KF: Has it been difficult adapting to the Encores! style of performing as semi-readings, with books in hand and minimal sets and costumes?
LO: We’re going to try and do this with the books, but how much we’re going to have to use them is still a question, since we just began rehearsals. Encores! shows used to be known as glorified workshops but now they’ve become kind of full-blown productions. We’ve going full out, full-scale for seven performances! We have a beautiful set with different signs and storefronts telling us where we are. It’s not elaborate, but it sets the scene nicely. As an actor, it’s so much more freeing to not use the book. It’s nice to hold it, if only to show people that we only had 10 days to put this together, but it’s also hard to be engaged in a scene with another actor by looking down at your book!

KF: How disappointed were you that Bonnie and Clyde didn’t succeed on Broadway?
LO: To be honest, that was the most fulfilling, rewarding project of my career so far. Getting to create something new is every actor’s dream. It’s like nothing else. I’d been part of that project for three years, and the character morphed around who I am instead of somebody else. It’s incredible as an artist to be part of that collaborative process where I can speak my mind about the character and how she’s being brought to life. A lot of people were shocked that I wasn’t the blonde Bonnie from the movie, but a redhead. The original Sandy in Grease was a brunette on Broadway, and in real life Bonnie was a strawberry blonde who dyed her hair red to appear different. We tried to stay true to who she really was, and she definitely was no blonde. I read four books on them: it seems that everybody who was around them then wrote a book about them. It was so much fun to get to play a real person and have the research to back my characterization up.

KF: Will you find it easy to step into some gigantic shoes to sing the role of Maria in The Sound of Music, if only for one night?
LO: In a way it will be easier, but it will also a little more intimidating, because as you say I have big shoes to fill. With Pipe Dream, nobody knows it, so there’s no real expectation, but with The Sound of Music it’s very different: everybody knows it--including me, of course--so it’s hard for me to start singing it without a British accent. I have a lot more to live up to as Maria, but I’m so excited and honored to do it. It’s a role I always dreamed about playing, but I didn’t see it coming at this time, so even singing it for one night will be amazing.
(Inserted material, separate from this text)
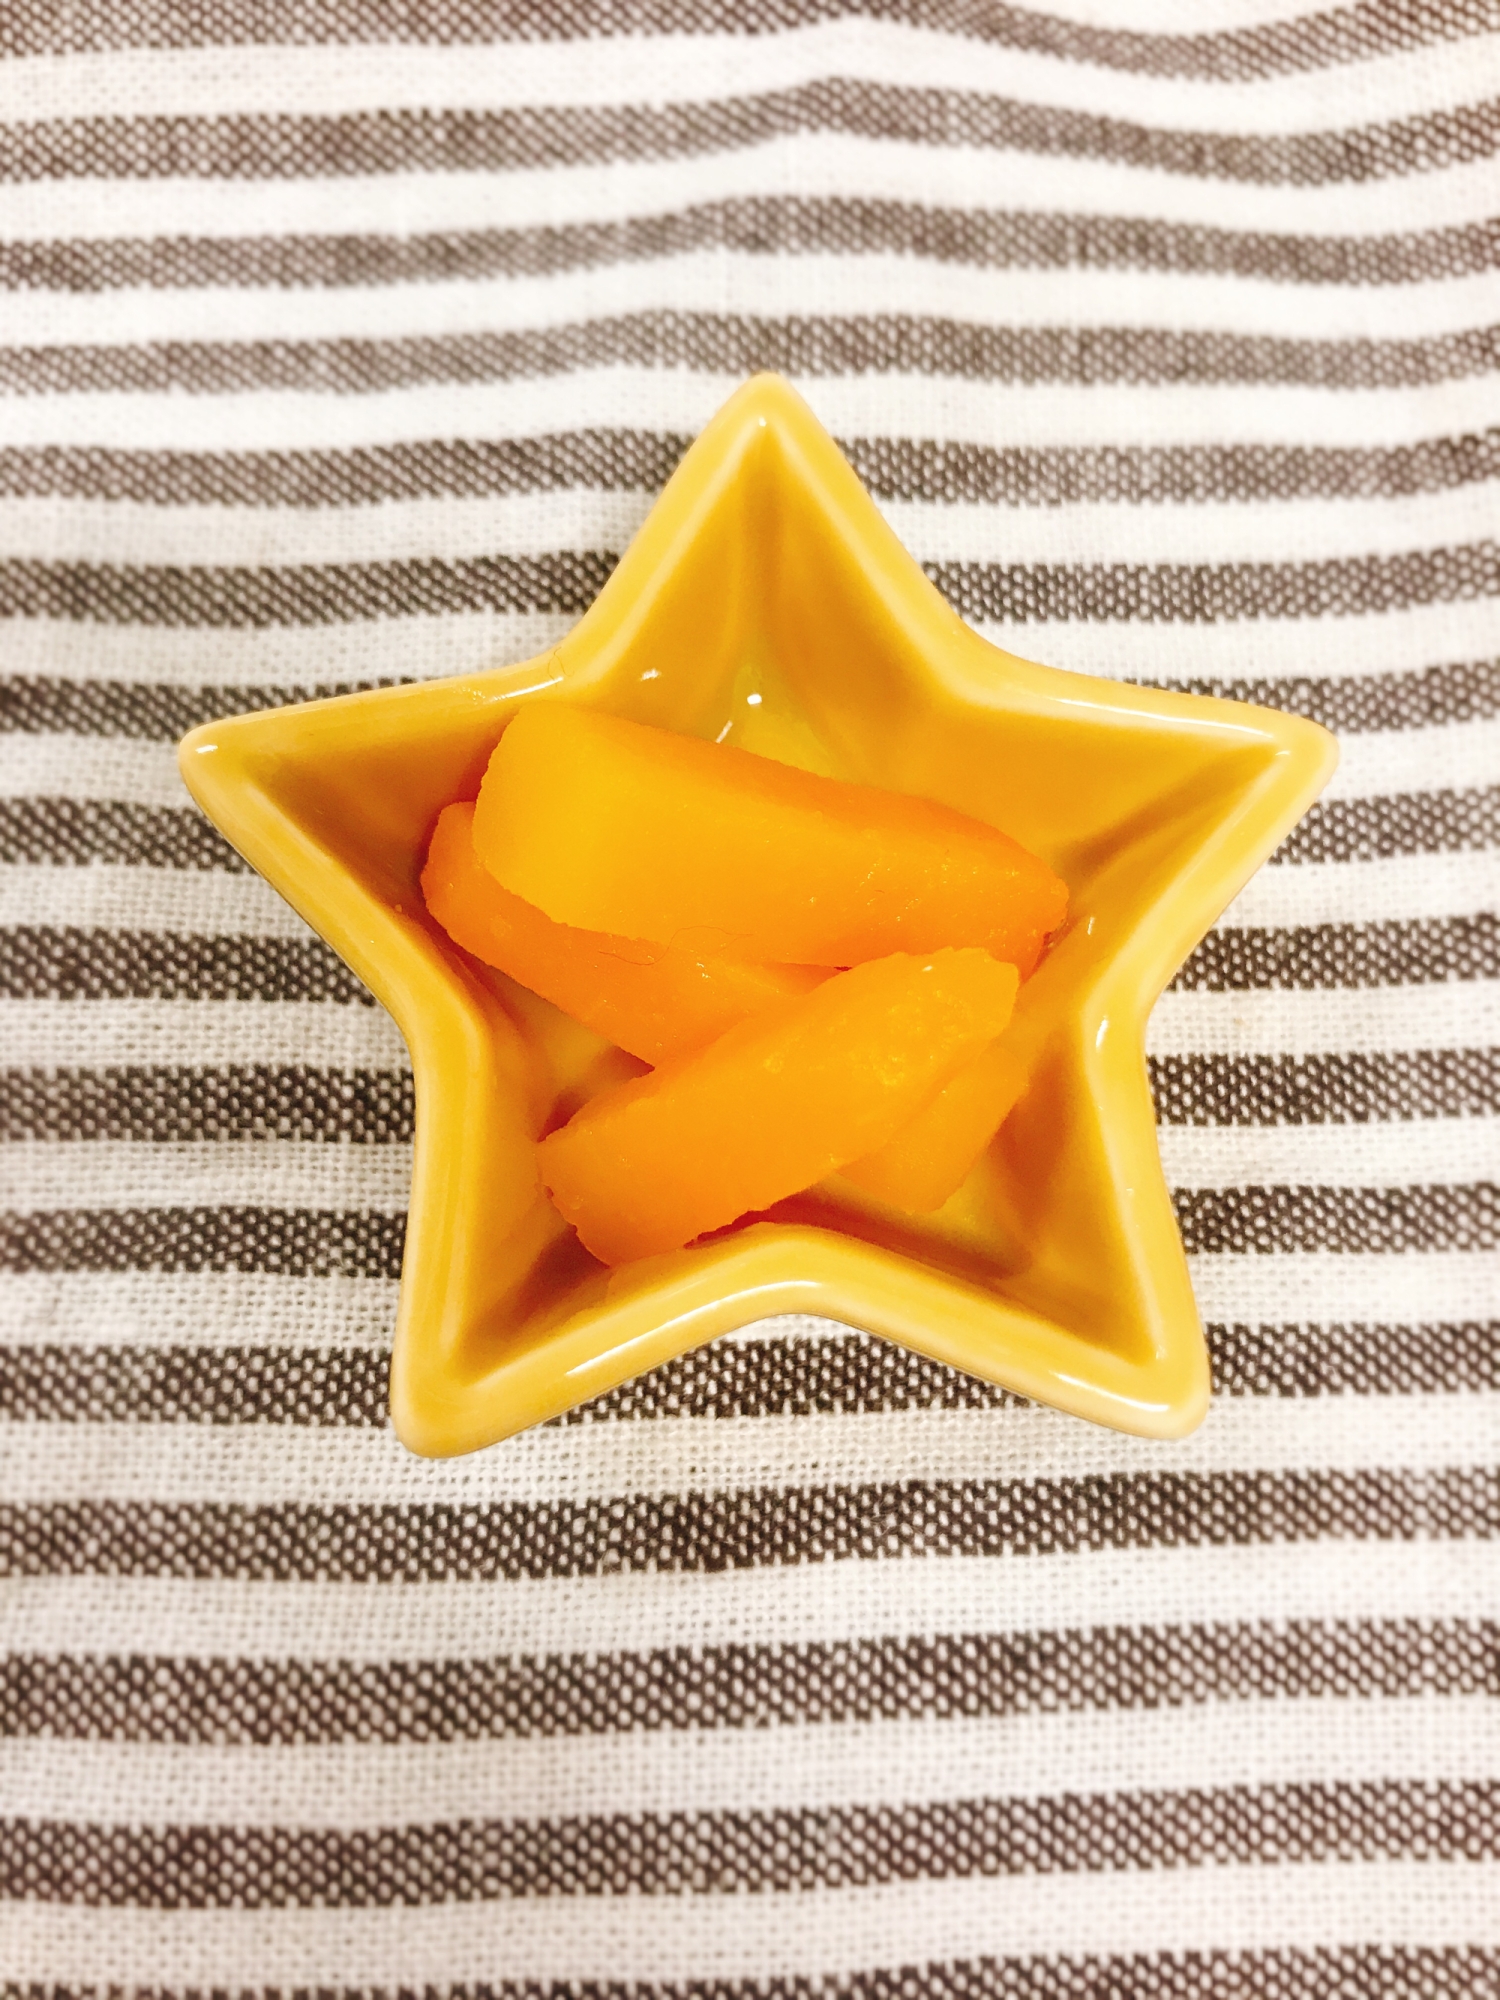 星型のお皿にかぼちゃスティックが数本盛られている

KF: It’s been five years since you won the reality-show competition to sing Sandy in the Broadway revival of Grease. How has this ride been?
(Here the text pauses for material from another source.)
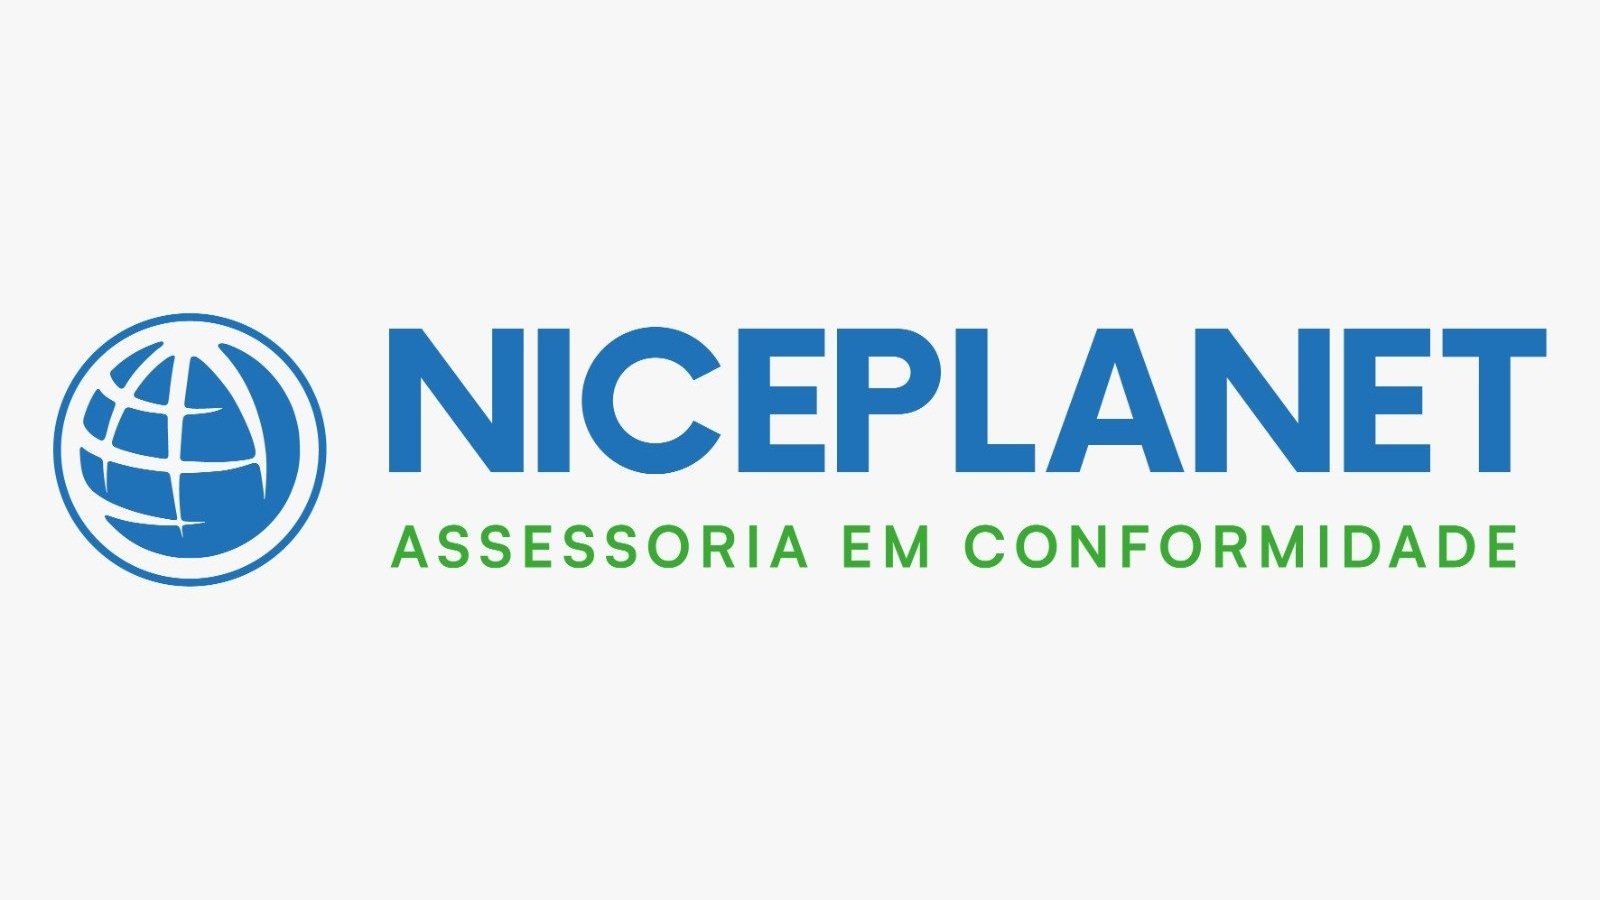 NOVA+Niceplanet+Assessoria+em+Conformidade.jpg

LO: It’s all exceeded my expectations. I did that audition by flying out to Los Angeles with the hope that I could do it: otherwise I wouldn’t have wasted the time and money to go out there. I had a sense of peace throughout that competition, despite the competitiveness and the high stakes. I thought to myself: “If this works out, amazing, it’s my dream come true. But if not, I’ll go back to Minneapolis and someday get to New York.” When I won, I was overjoyed, but I felt that it helped me that I didn’t allow it to be life and death. But I’m grateful that it opened a lot of doors for me. There’s definitely been the stigma of the reality show that I had to prove that I could go beyond: thankfully, South Pacific happened and I was able to move on. Now I am my own entity and not just “the girl from the reality show.”